Synthesis functions#

Define Python functions to generate feature values according to empirical distributions and project-specific constraints.

fake_categorical: Sample a categorical column by seed frequency It uses NumPy to reproduce marginal distributions.

import numpy as np


def fake_categorical(
    rng: np.random.Generator,
    pd_column: pd.Series,
    dropna: bool = False,
    **choice_kwargs: Any,
) -> Any:
    value_counts_dict = pd_column.value_counts(normalize=True, dropna=dropna).to_dict()
    categories = np.array(list(value_counts_dict.keys()))
    probabilities = np.array(list(value_counts_dict.values()))
    return rng.choice(categories, p=probabilities, **choice_kwargs)

fake_joint_numerical: Sample a numerical feature by joint distribution It samples values for a numerical feature conditional on one or more categorical features (for example, customer_net_worth conditioned on region).

def fake_joint_numerical(
    rng: np.random.Generator,
    df: pd.DataFrame,
    value_col: str,
    cat_cols: str | list[str],
    synthesized_rows: pd.DataFrame,
) -> list[Any]:
    result = []
    cat_array = (
        synthesized_rows[cat_cols].values
        if isinstance(cat_cols, list)
        else synthesized_rows[[cat_cols]].values
    )
    for cats in cat_array:
        mask = np.ones(len(df), dtype=bool)
        if isinstance(cat_cols, list):
            for col, val in zip(cat_cols, cats):
                mask &= df[col].values == val
        else:
            mask &= df[cat_cols].values == cats[0]
        matching_vals = df.loc[mask, value_col]
        if not matching_vals.empty:
            result.append(rng.choice(matching_vals))
        else:
            # Fallback: overall empirical
            result.append(rng.choice(df[value_col]))
    return result

Structured data generation#

Each section below demonstrates how to synthesize features while upholding a specific property.

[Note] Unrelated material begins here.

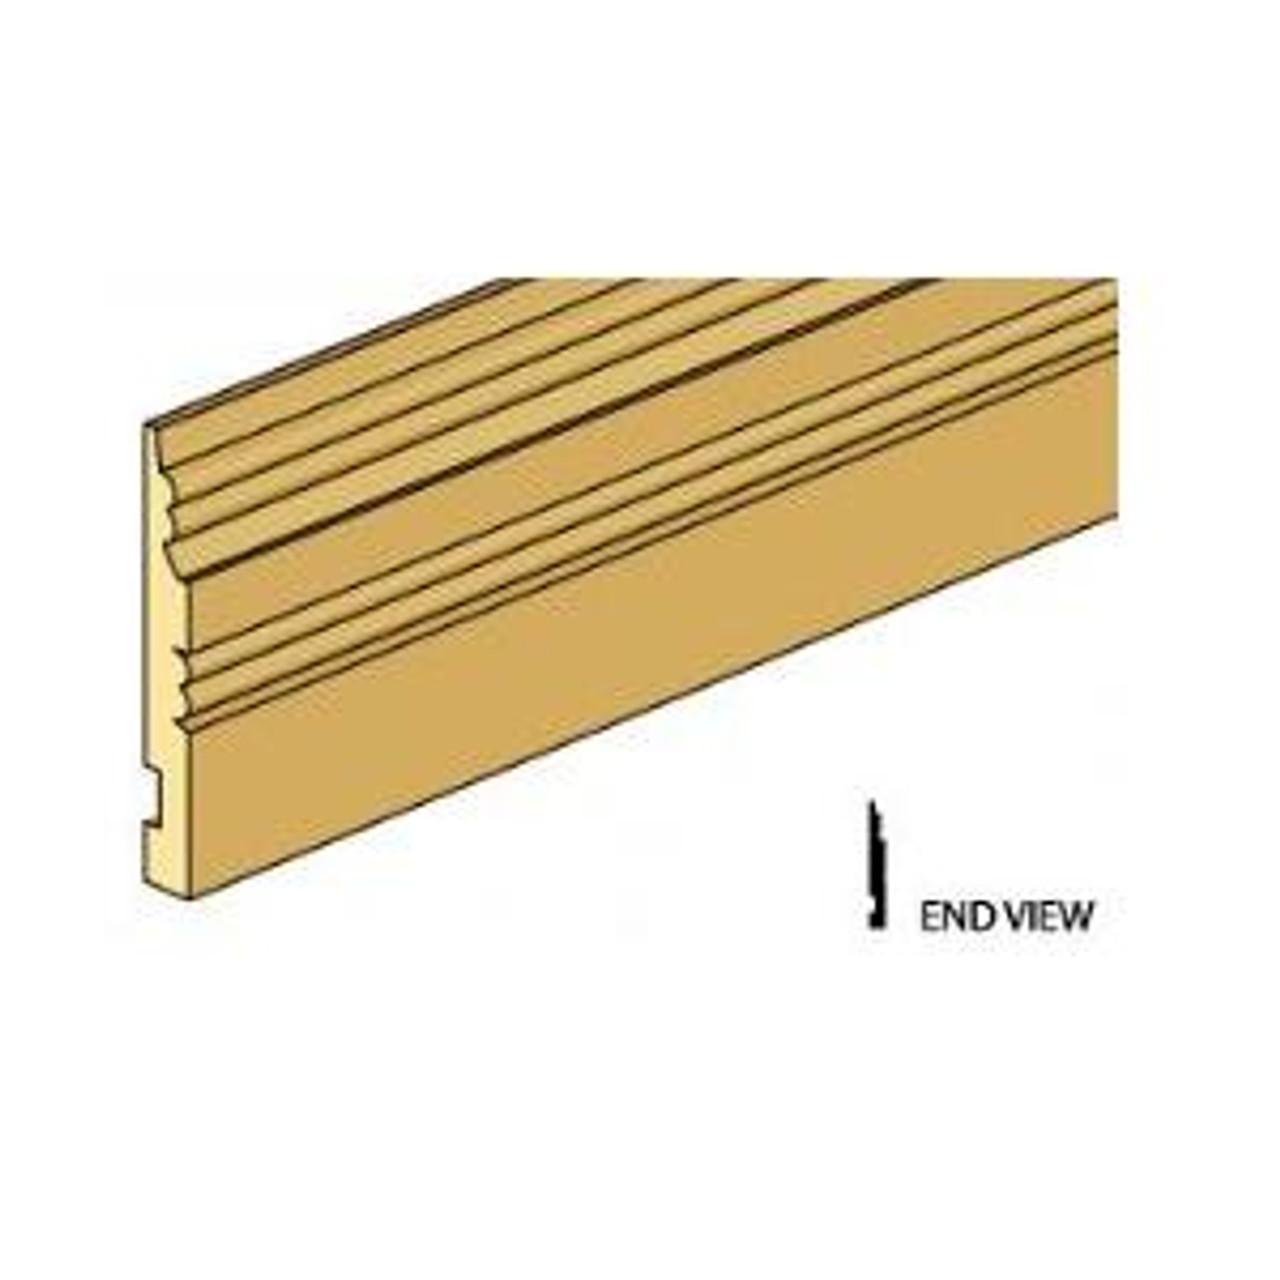 Baseboard (CLA77946) detail illustration

After each example, synthesize all other features by specification.

Reproducibility#

Set seeds for all relevant random number generators to make synthesis repeatable.

from faker import Faker

SEED = 0
rng = np.random.default_rng(SEED)
random.seed(SEED)
fake = Faker()
Faker.seed(SEED)

Generation configuration#

Configure the synthetic data generation process.

n_synthesized = 20  # adjust as needed

Univariate distribution preservation example (region)#

Sample the region column according to the frequency distribution in the seed dataset.

synth_region = fake_categorical(rng, df_seed["region"], size=n_synthesized)
print(pd.Series(synth_region).value_counts())
# EMEA     7
# LAD      6
# NA       4
# JAPAC    3
# Name: count, dtype: int64

Coherency constraint example (region vs. country)#

country and region must be coherent: each country should map to its correct business region.

region_country_map = df_seed.groupby("region")["country"].apply(list).to_dict()
synth_country = []
for region in synth_region:
    possible_countries = region_country_map.get(region, [])
    synth_country.append(rng.choice(possible_countries))
print(list(zip(synth_region[:10], synth_country[:10])))
# [('NA', 'United States'),
#  ('EMEA', 'Germany'),
#  ('EMEA', 'Germany'),
#  ('EMEA', 'Germany'),
#  ('LAD', 'Brazil'),
#  ('LAD', 'Argentina'),
#  ('NA', 'Canada'),
#  ('NA', 'Canada'),
#  ('JAPAC', 'Singapore'),
#  ('LAD', 'Argentina')]

Joint distribution example (customer_net_worth | region)#

Synthesize customer_net_worth values respecting the empirical joint distribution over region.

demo_rows = pd.DataFrame({"region": synth_region})
synth_customer_net_worth = fake_joint_numerical(
    rng, df_seed, "customer_net_worth", ["region"], demo_rows
)
print(pd.Series(synth_customer_net_worth).describe())
# count    2.000000e+01
# mean     1.431880e+07
# std      2.174939e+07
# min      9.800000e+04
# 25%      4.050000e+05
# 50%      3.735000e+06
# 75%      2.600000e+07
# max      7.520000e+07
# dtype: float64

Extrapolation (new values) example (customer_name)#

Use Faker to synthesize new individual names or company names, even if not present in the seed.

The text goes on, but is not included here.